Sus sueños siempre fueron en varios niveles: sueños dentro de sueños. Cuántas veces había soñado que soñaba en una cama que no era la suya, con gente que no conocía y lugares que nunca reconoció. El mar asaltaba la playa en un oleaje rítmico que encontraba delicioso, Eliseo lamía sus manos y ella sentía que no necesitaba nada más, plena en un mundo idóneo. Hasta que la imagen del monje apareció una vez más entre la bruma del amanecer. Y entonces volvió a despertar.
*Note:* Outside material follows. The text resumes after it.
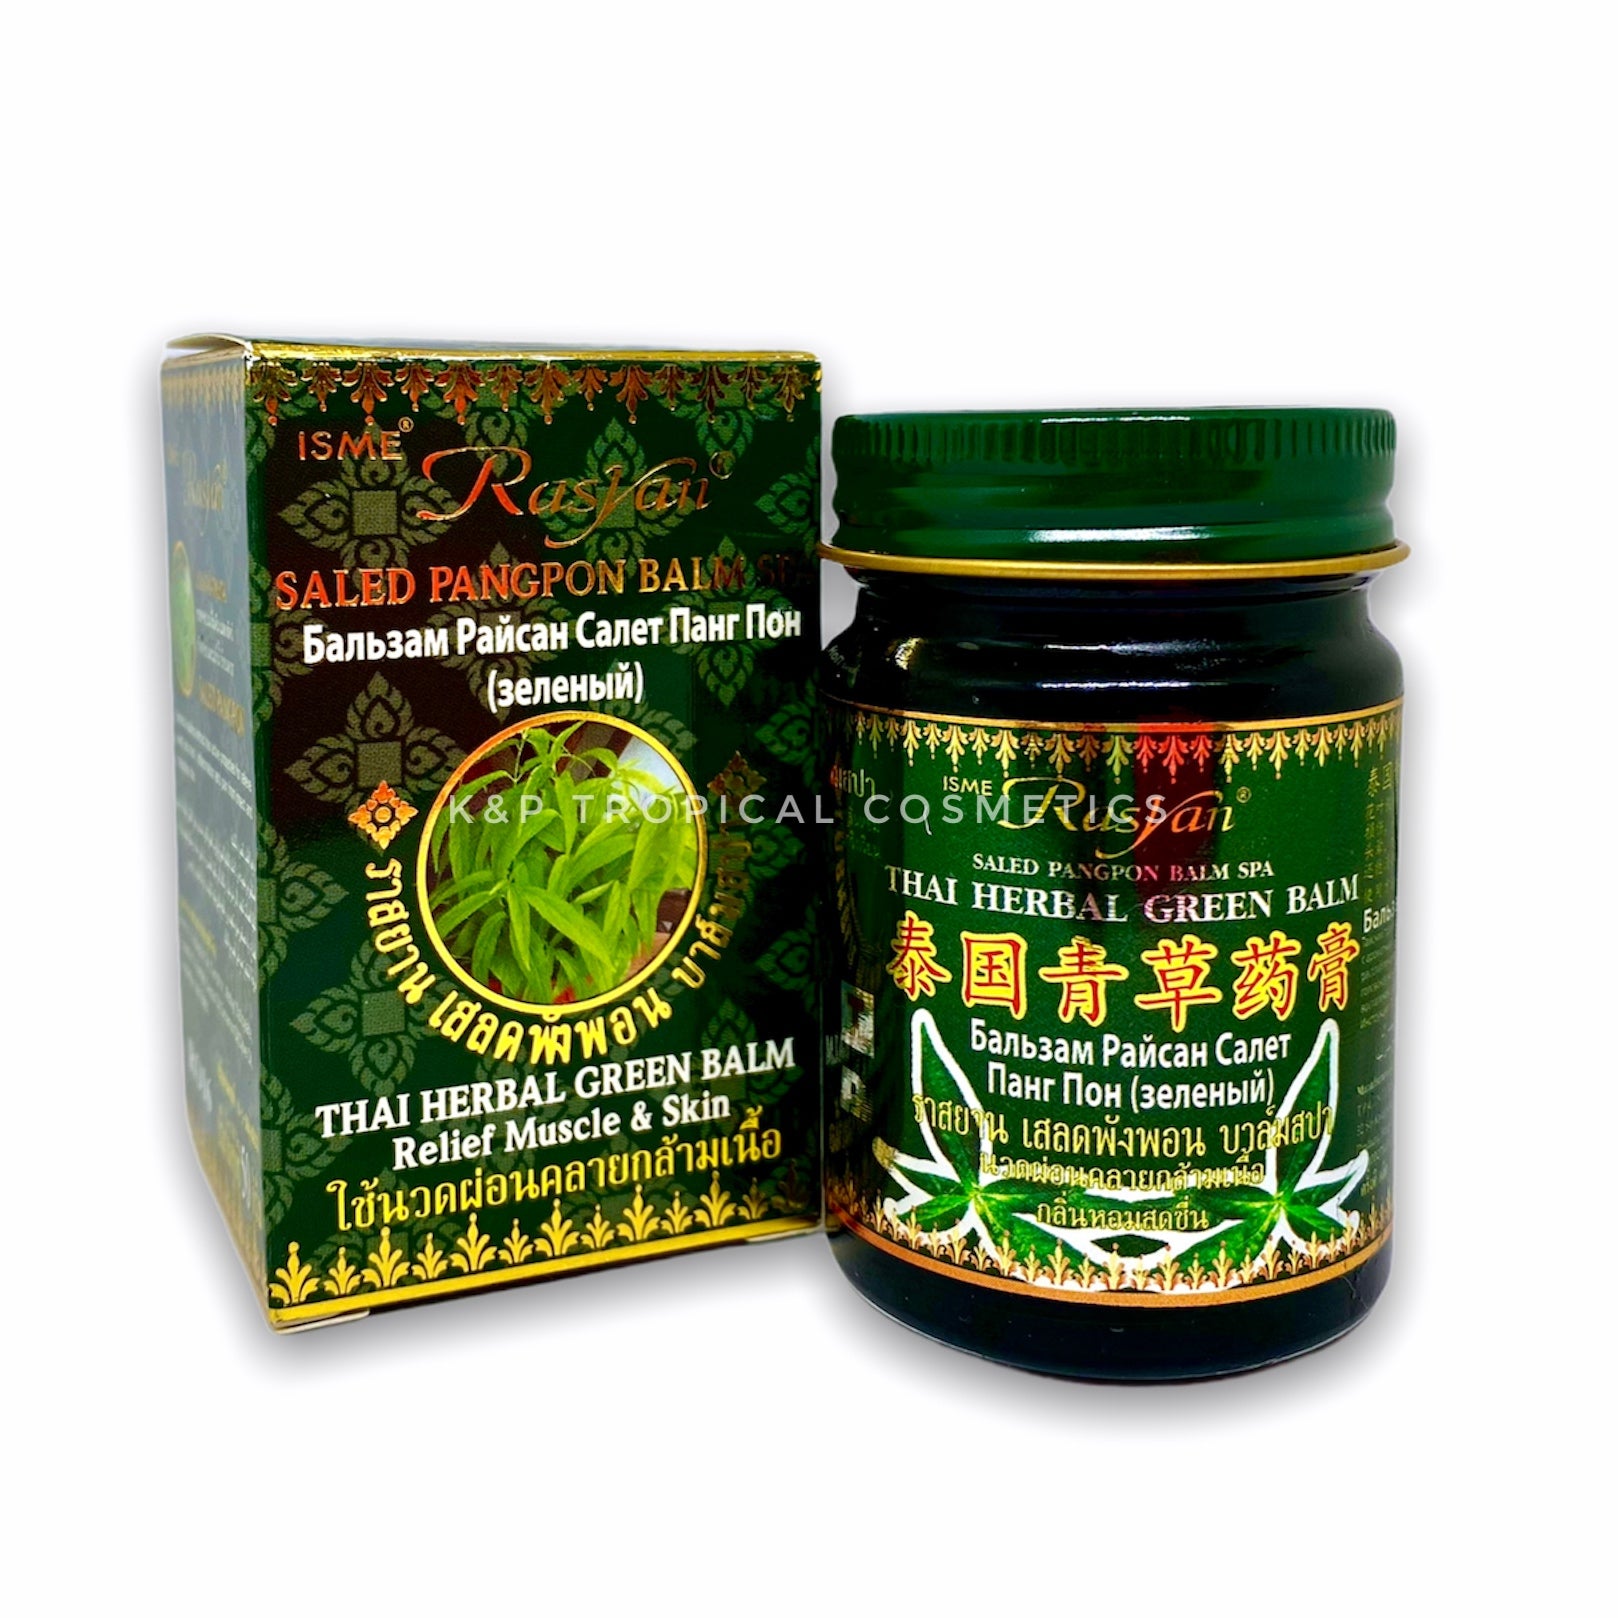 ISME Rasyan Saled Pangpon Balm Spa 50 g., Травяной бальзам против боли, воспалений и зуда 50 гр.

De tanto hablar español comenzó a olvidar palabras en su lengua natal. Siempre olvidaba la palabra para mandril y para axila. Pensaba que se estaba amalgamando en ese país que había adoptado, con sus costumbres y sus colores, su gente y sus mercados que tanto visitaba, no para comprar, pues se le dificultaba la interacción con aquellas mujeres bajas de largas trenzas, sino para observar los movimientos de la gente, tan distintos de los de su país; le causaba tal fascinación que podía pasar horas observando la fruta y la verdura cambiar de manos; en los pasillos los cargadores y sus fardos y, si observaba con mucha atención, el monje en su atuendo naranja.
Despertó una vez más.
La cabeza afeitada de aquel hombre oriental tenía una forma un tanto alargada, casi maya, como si hubiera sido deformada desde la infancia; sus ojos rasgados siempre le parecieron inquisitivos, demasiado intranquilos, como si no gozara de esa paz interior que los budistas constantemente buscan. La miraba desde el pie de la cama con sus ojos inquisidores y esa expresión irregular e indefinida que siempre la intrigó. Quiso preguntarle algo, cualquier cosa, pero no pudo evitar clavar su mirada en el hombro desnudo, bronceado y liso. La contemplación del monje le producía una mezcla de paz y deterioro, desdoblamiento y desprendimiento que no comprendió pero tampoco evitó. Entonces le escucho hablar:
Go back.
Nunca lo había oído y le sorprendió que le hablara en su idioma. Aunque lo veía sólo en sueños le parecía sumamente familiar, como si lo conociera de toda la vida, o de toda otra vida; sus manos delicadas como de niña, las mejillas abultadas, los pies pequeños y su postura erguida en actitud predicadora: lo conocía pero nunca recordó de dónde.
Su hermana hizo una nueva aparición detrás del oriental. Mostraba su rostro, apenas, sobre el hombro desnudo y exhibía una sonrisa pacificadora y fraternal que casi lleva a las lágrimas a la mujer en la cama. Seguía dormida, de eso estaba segura, pero, ¿en qué fase, cuántos niveles faltaban para la conciencia? Su hermana levantó el dedo índice y lo mantuvo un instante. El mensaje le fue claro.
El golpe de la maleta en la pierna la despertó de inmediato. Su primera visión fue un niño comiendo un mamey que rebasaba en tamaño a sus manos. La madre lo regañaba. Salió poco a poco del sopor del sueño para recordar que estaba en el aeropuerto esperando abordar el avión que la llevaría a casa. La imagen mental del monje la asaltó nuevamente y miró a su alrededor con la certeza de encontrarlo en algún lugar entre la gente. Lo buscó con ahínco pero la imagen del hombre de naranja nunca apareció; las salas de abordaje repletas y los pasillos atestados no revelaron su más triste verdad: el monje no existía.
El sonido local llamó a abordar su vuelo. Se puso en pie y una enorme tristeza se apoderó de sus movimientos. Después de todo, su temor más grande la había alcanzado: ya no era la misma, su alma, su espíritu e incluso sus rasgos cambiaron en el poco tiempo que estuvo lejos de casa. Se había perdido y ahora no sabía quién era. Con ojos acuosos ingresó por la estrecha puerta del aparato que la llevaría de vuelta a una realidad que ya no le era propia, bajo la mirada insistente del hombre con uniforme de capitán, quien le dio la bienvenida con expresión irregular, indefinida.
Los ojos rasgados del piloto le parecieron inquisitivos, pero no le dio la menor importancia.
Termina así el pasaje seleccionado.